My spouse had shot this photo on my phone while I was sleeping, and I discovered it when I woke up.

I saw this photo on my phone when I woke up the other morning.

Right now, I feel like I’m in the thick of things. These are the young trenches. But my partner had to wake up that night with the baby. He took this photo of me and my daughter (who later crept into bed with us for the night) after I got dressed, fed, and put the baby to sleep.

Generally speaking, I don’t post self-portraits that I didn’t “pose” for. Additionally, I typically get angry with the person who took it. But that was then; this is now. This image was unique.

considering the past few weeks have been really challenging. It’s simple to underestimate how demanding a baby may be. How tired you become physically, mentally, and emotionally. When you have to look after two more children, you’re exhausted already. Every single time.

I clean dishes, hold babies, change diapers, do laundry, wipe tears, and stop frequently for meals throughout the day.

I don’t usually wash my hair. My bags under my eyes are inflated from not getting enough sleep. Most likely, food or spit has discolored my clothes. I always have my hair pulled back into a mother bun. My makeup is completely gone.

And this image depicts everything. Being a parent is one of the hardest jobs in the world, despite not being glamorous.

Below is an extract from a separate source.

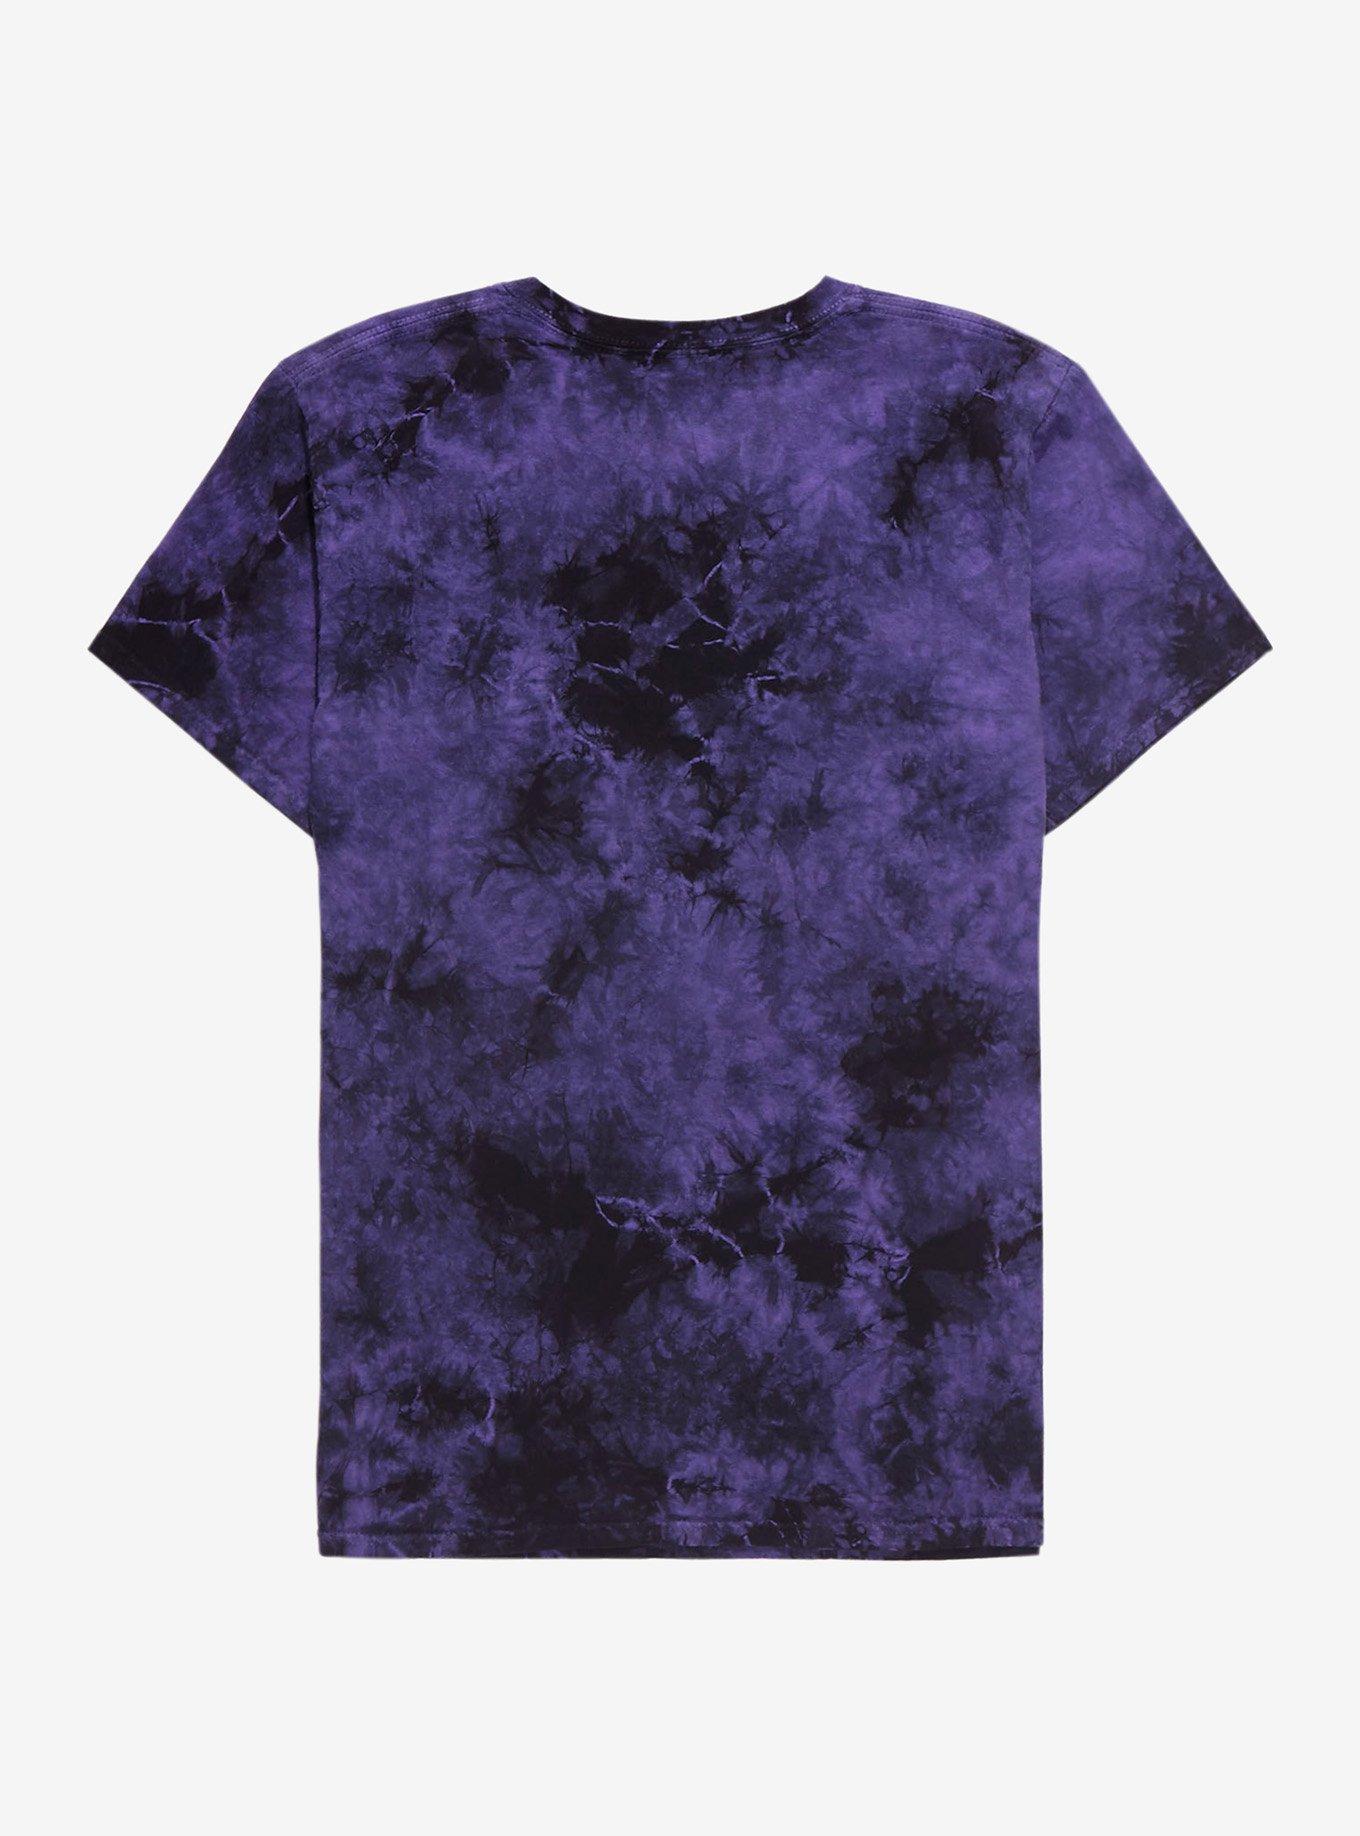 Zodiac Purple Tie-Dye Boyfriend Fit Girls T-Shirt, MULTI, alternate

I would like to reflect on this stage of my life. I needed this photo as a reminder because it’s simple to forget that when you’re in the thick of things, you’ll eventually miss something.

I shall not hate the sleepless evenings as much as I will love rocking and cuddling my newborns to sleep. Their tiny fingers encircle mine, and I can feel their little chests breathing in and out.

More will bother me than weeping fits will be my ability to calm my kids down with nothing more than a hug and a peck on the forehead.

I will miss using only soap and water to clean up their mess more than I will missing mopping up milk spills.

My neck and back won’t hurt from sharing a bed with my kids, and I won’t miss it. But when I wake up in the morning, I won’t miss their faces being close to mine. We are going to miss our morning hugs.

I would like to reflect on this stage of my life.

Despite how difficult and demanding this phase of fatherhood might be, I don’t want to forget it.

Thus, remember to remind your partner or another particular person. Tell them you need them to take these pictures of you.

“Are you satisfied with these photos?”